◆ Record excerpts
= = =
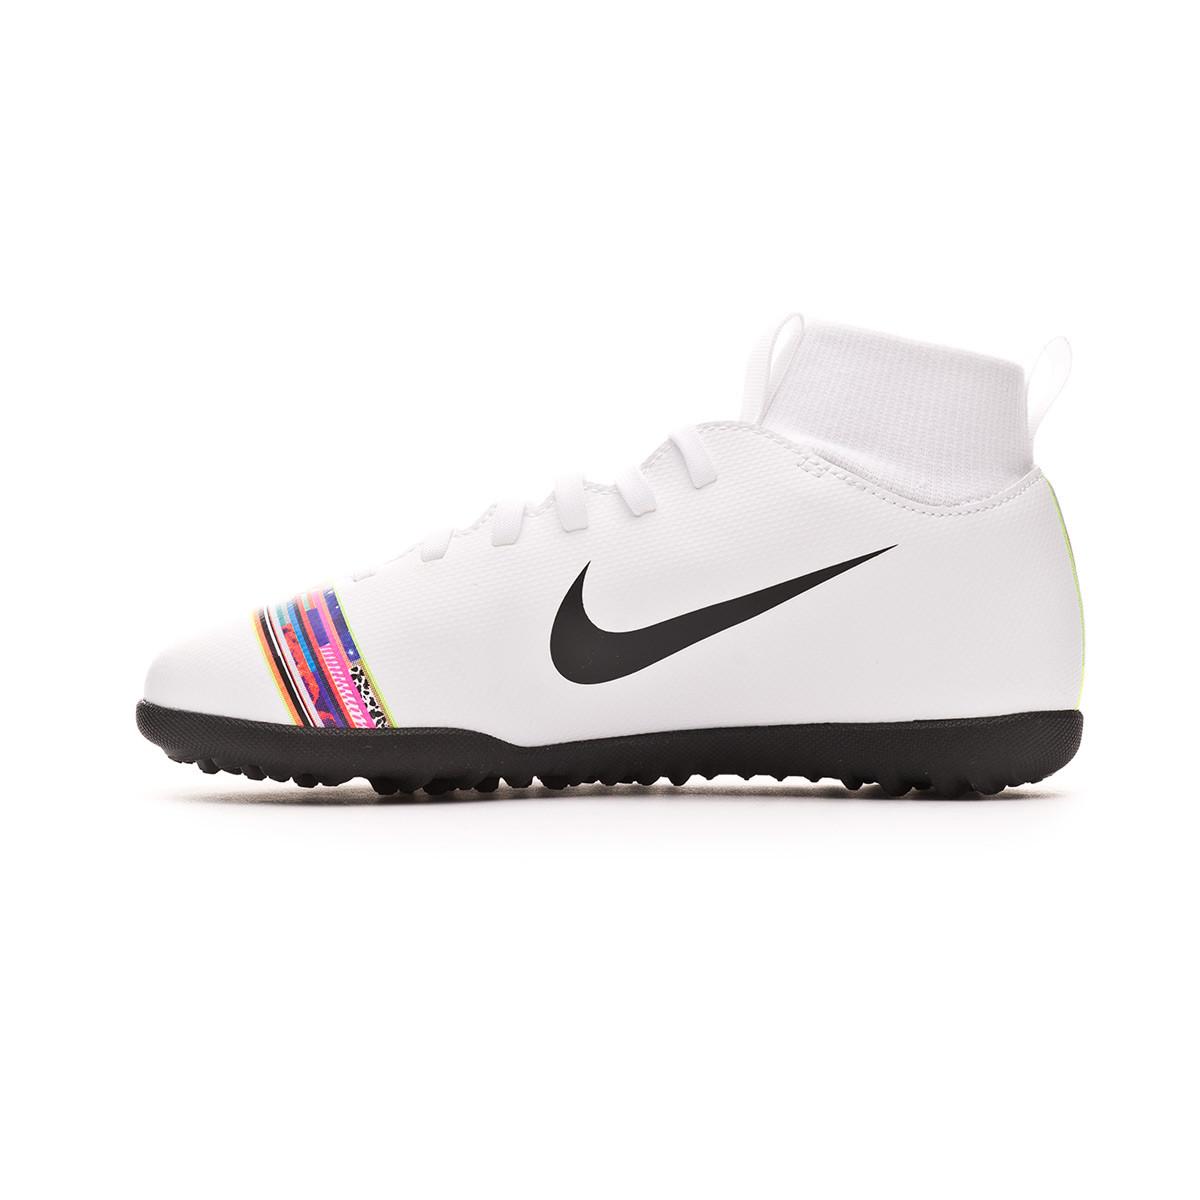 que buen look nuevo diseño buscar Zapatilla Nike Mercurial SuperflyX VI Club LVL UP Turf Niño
= = =
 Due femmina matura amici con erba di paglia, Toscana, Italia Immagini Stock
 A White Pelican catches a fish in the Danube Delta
= = =
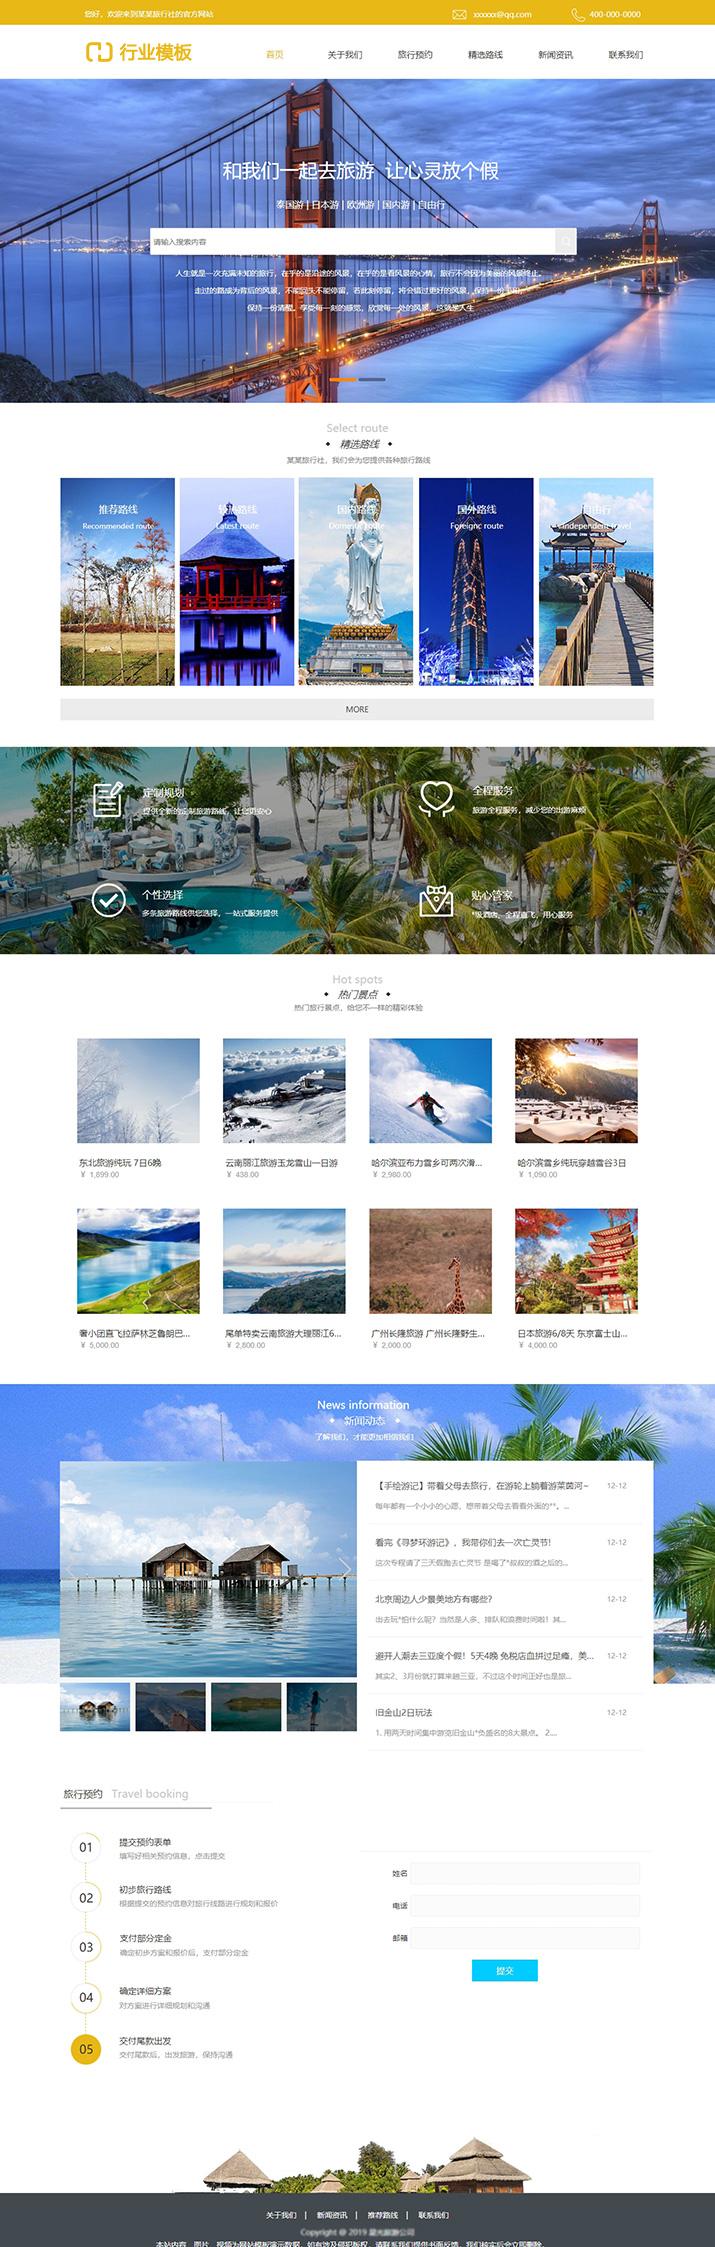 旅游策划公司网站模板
= = =
◆ Exercise goal
From the entries above, write out only the lines starting at the line that holds "Due femmina matura" and ending at the line that holds "A White Pelican", keeping both and matching them exactly.

◆ Response to this task
 Due femmina matura amici con erba di paglia, Toscana, Italia Immagini Stock
 A White Pelican catches a fish in the Danube Delta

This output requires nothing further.